Q: What are the benefits of opening a self-directed IRA?
A: Freedom & Choice to invest in the things you want to invest in, ie: large scale real estate.
Q: Why invest in real estate using a self-directed IRA?
A: Opportunity for larger return in a real estate investment that regularly produce higher rates of return.
Q: Can I use a Self Directed IRA to purchase a property I buy for investment?
A: Yes, subject to many rules; ie you cannot personally manage the property.
Q: Can I use a Self Directed IRA to invest in a Syndication?
A: Yes, the most common use of Self Directed IRA funds is investment in syndicated real estate deals. A syndication is a group of investors pooling their funds for investment. The investment is typically larger than one the investor could accomplish on their own. These real estate investments are professionally managed and require that you do nothing.
Q: Is there any tax or penalty to move my current Retirement Funds to a Self Directed IRA?
A: A Self Directed IRA retains the same tax implications as your traditional IRA. You are only changing the custodian from your current provider to another that will allow you to direct the investment.

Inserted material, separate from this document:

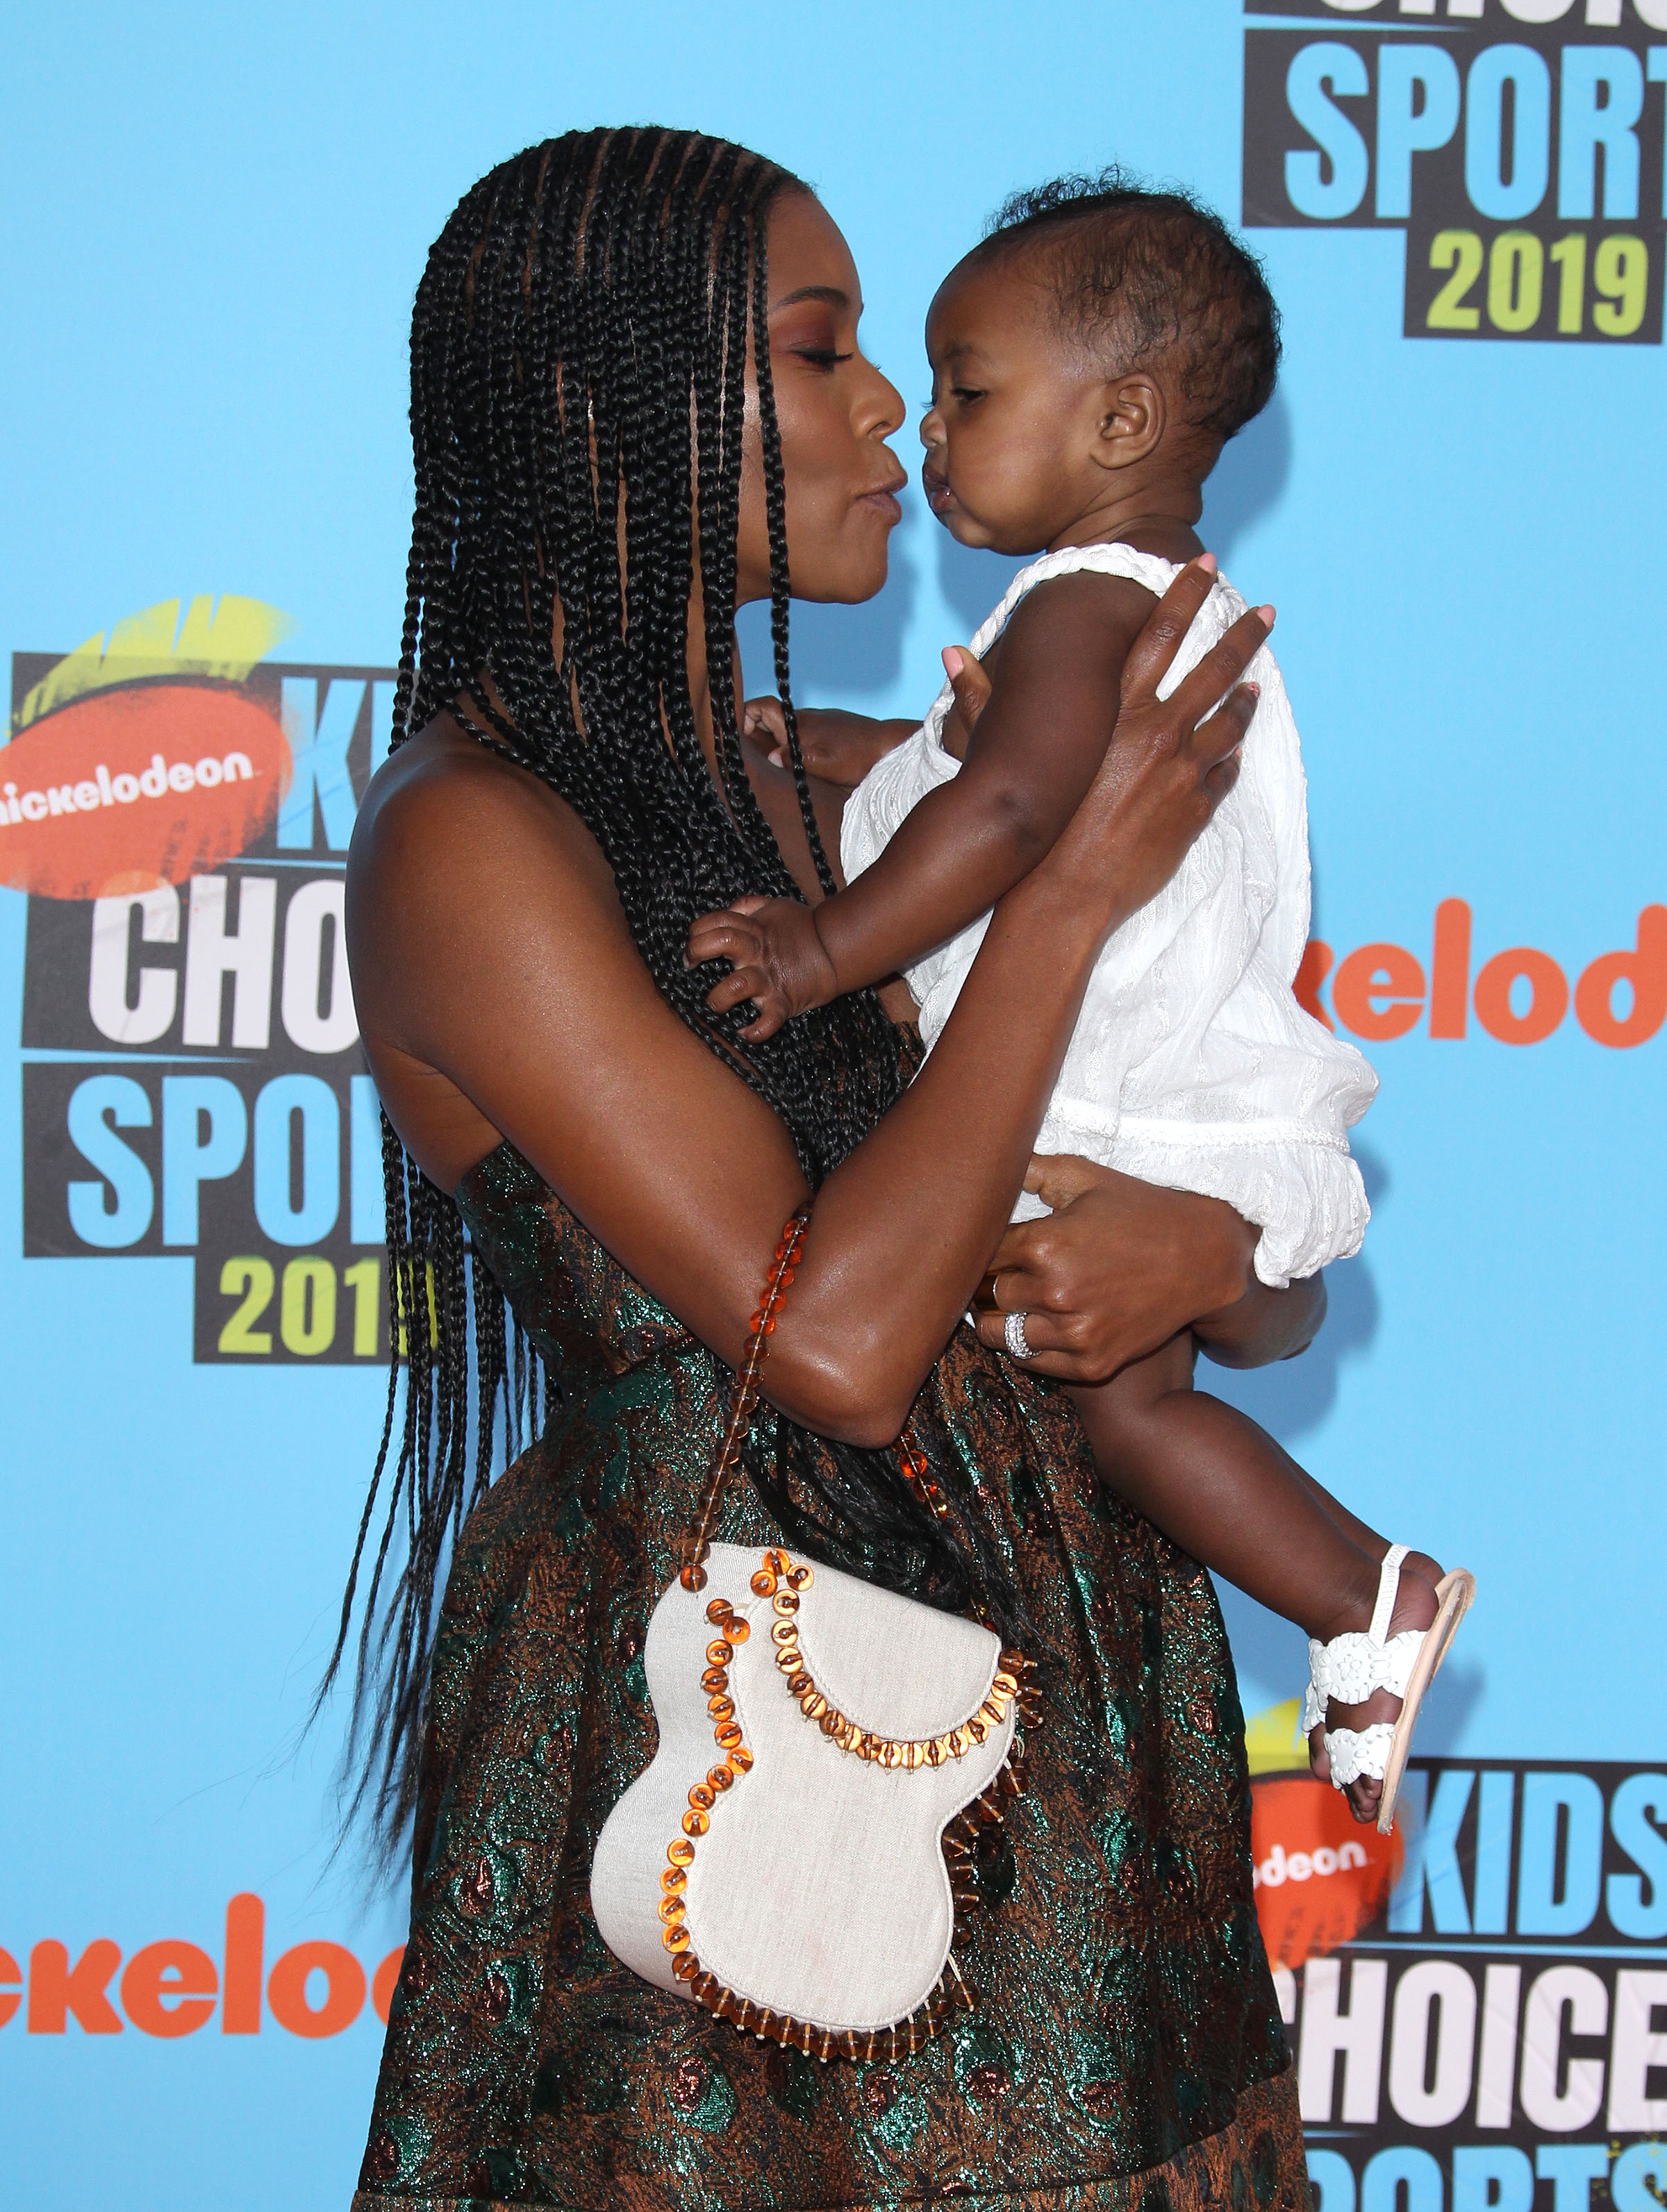 Gabrielle Union and Dwyane Wade's daughter Kaavia James

If you elect to convert your traditional IRA to a Roth IRA, you will be responsible for the tax.
Q: Can I take the distributions?
A: Any distributions from the Self Directed IRA are subject to tax and penalties for early withdraw. A Roth IRA is not subject to tax when funds are withdrawn.
Q: How long does it take to set up a Self Directed IRA?
A: It can take as few as 3 or 4 days if you are currently in cash or it can take a couple of months to liquidate your current positions. Consult with your current custodian and tax professional for your specific timeline.
Q: What documents are required to open a Self Directed IRA?
A: Standard documents; driver license, photo id and social security card, etc.
Q: What documents are required to fund a deal?
A: Standard documents include:
Every deal is different. Check with your syndicator or investment for specifics.
Q: What happens to the investment returns & distributions?
A: Distributions are returned to the Self Directed IRA as cash.
Q: Can distributions be invested in the next deal?
A: Accumulated cash distributions can be invested in another investment.
Summary: Look into a self directed IRA and learn what the possibilities are and remember, learning is earning.